Fatherhood has been one of the dominant themes of American moviemaking since the late `70s, when a small melodrama called ”Kramer vs. Kramer” came out of nowhere to clean up at the box office and sweep the 1979 Academy Awards. Such films as ”Table for Five” and ”Six Weeks” rushed in to fill the American public`s sudden craving for sensitive, caring, new wave dads, bravely raising their families in spite of the absence or indifference of a mother.
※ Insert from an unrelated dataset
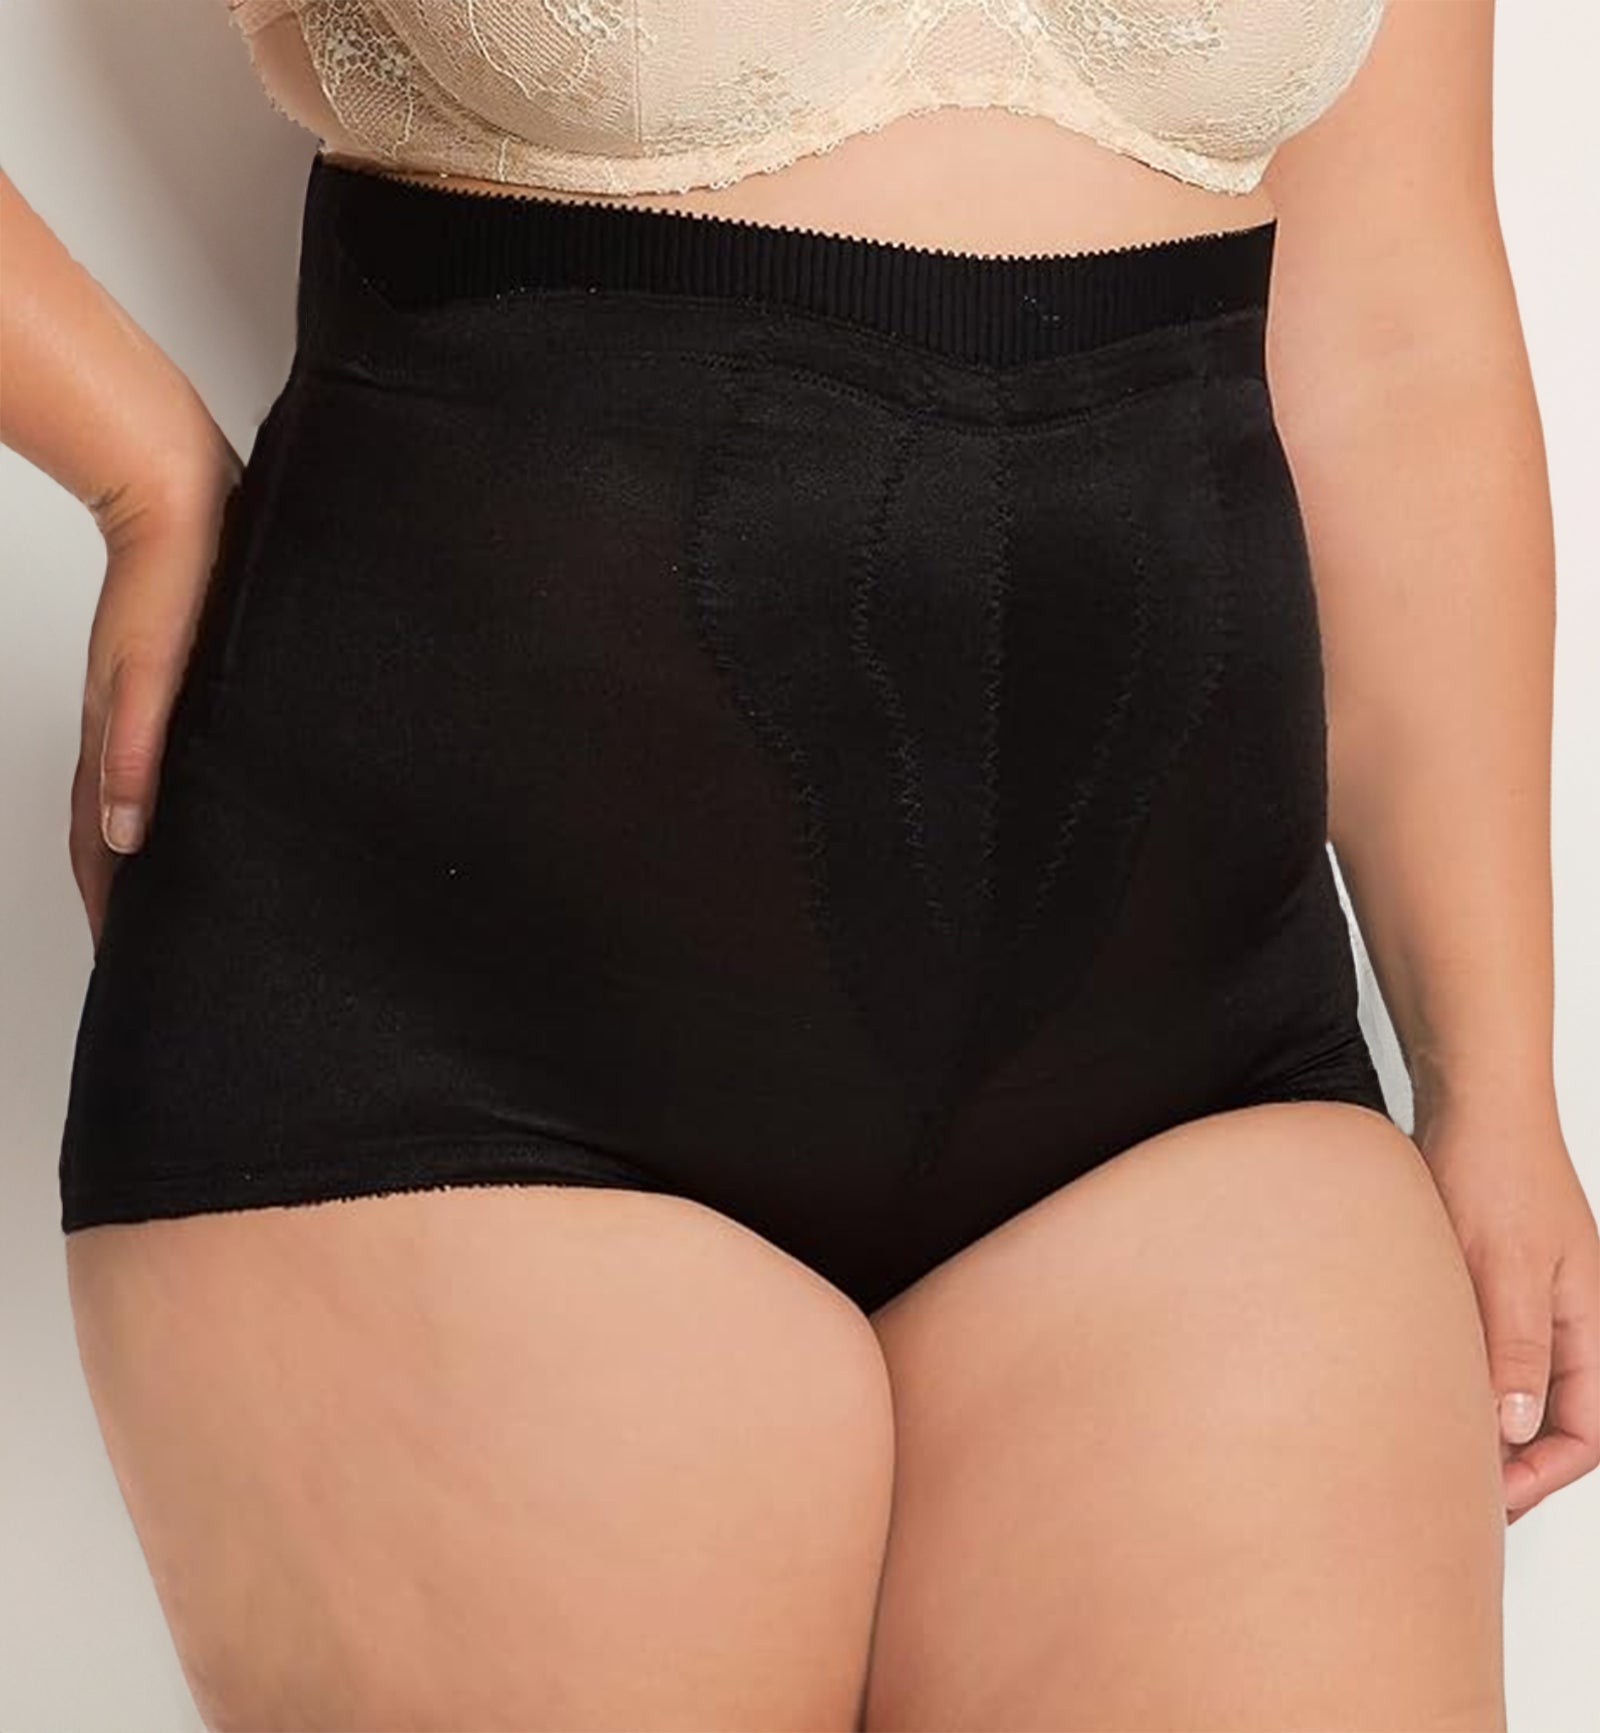 Rago Medium Control High Waist Shaping Panty (6296),Small,Black - Black,Small
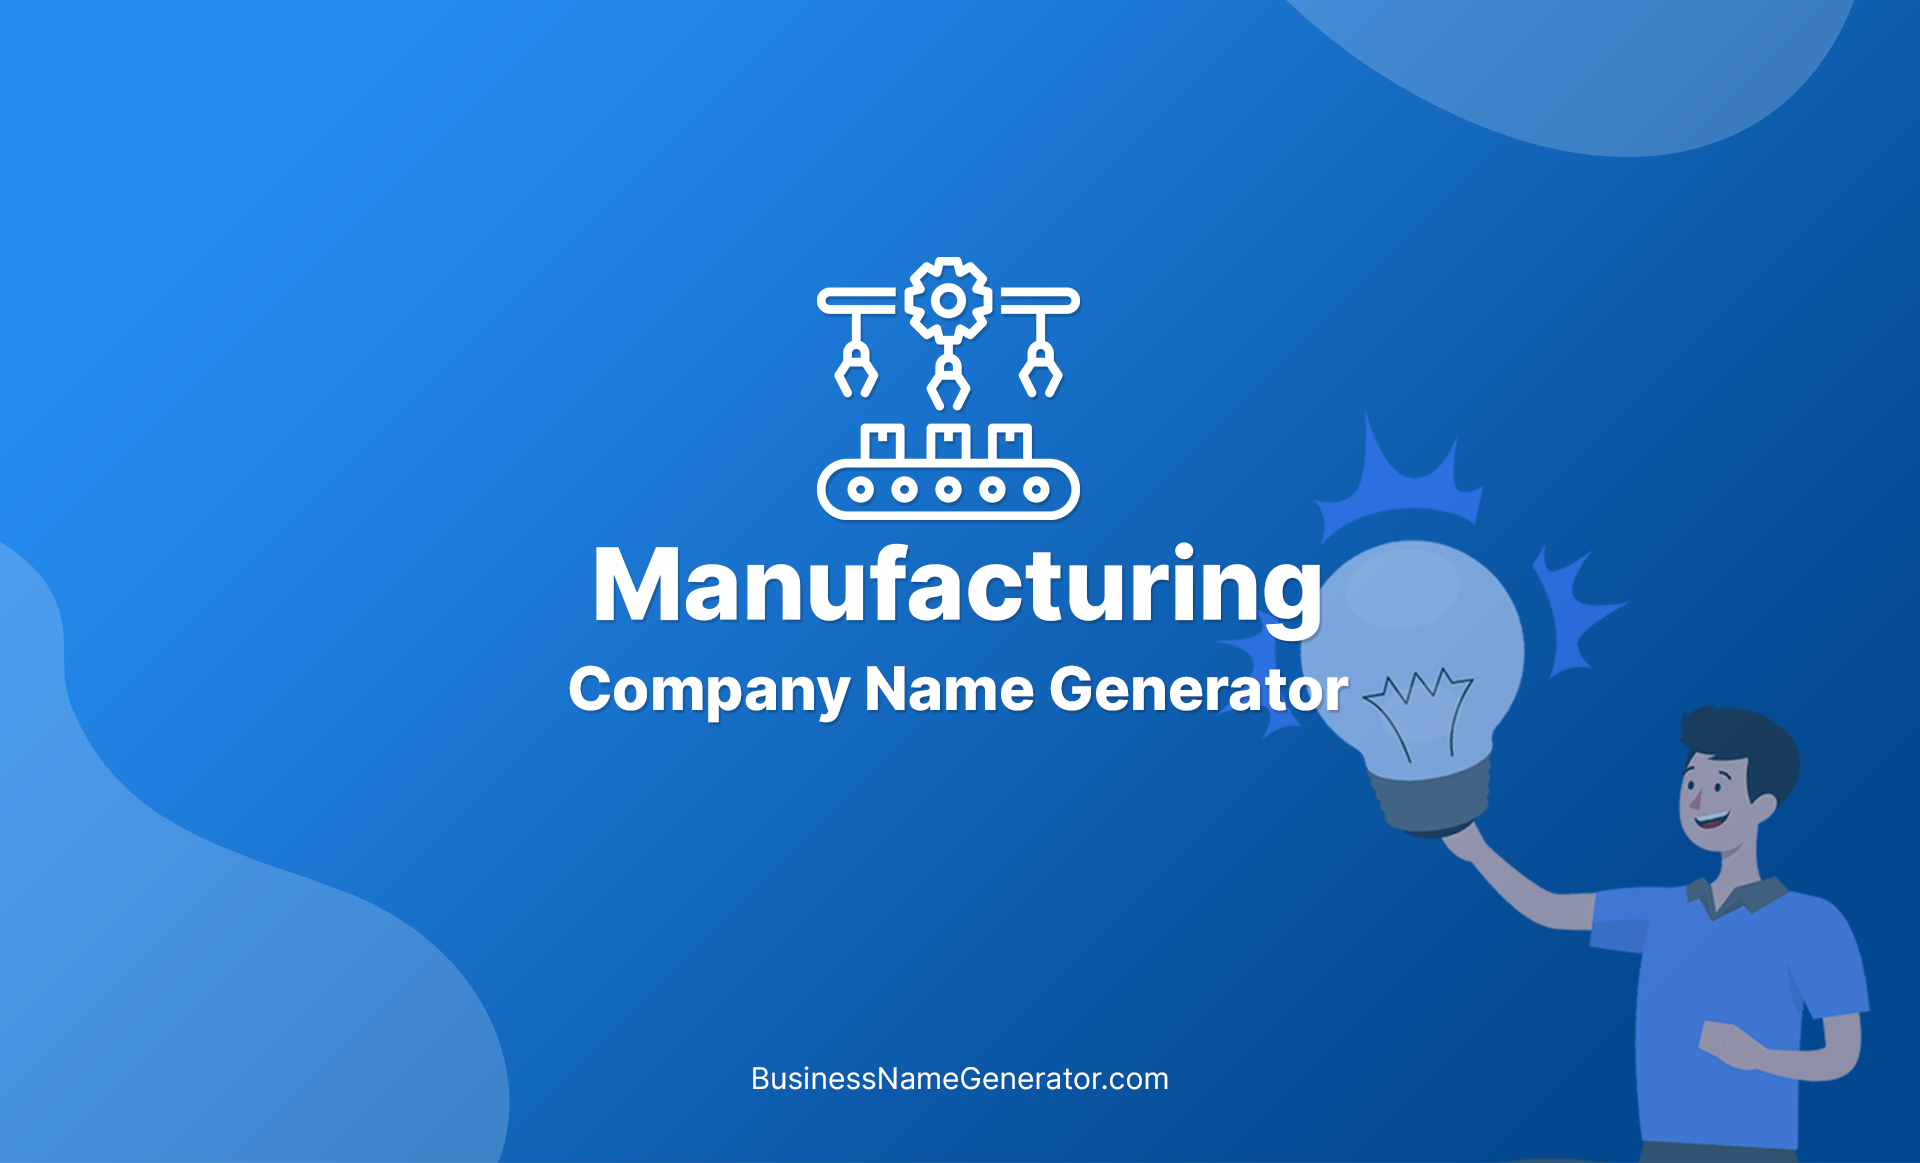 Manufacturing Company Name Generator

But these most recent papas seem fundamentally different from their late
`70s predecessors. ”Kramer vs. Kramer,” along with its many imitators, was a reaction against the feminist attitudes that had become
institutionalized in those years: If Mom was going to leave home all day to go to her own job, or even, as Mrs. Kramer did, leave home entirely to ”find herself,” here was the proof that women weren`t really necessary–that fathers made the best mothers after all. Any dramatic change in a society, such as the one feminism produced in the `70s, is followed by an equally dramatic conservative reaction–and in our time, it has most often been movies and television that have played the role of social reactionary, seeking to recuperate and restore traditional values.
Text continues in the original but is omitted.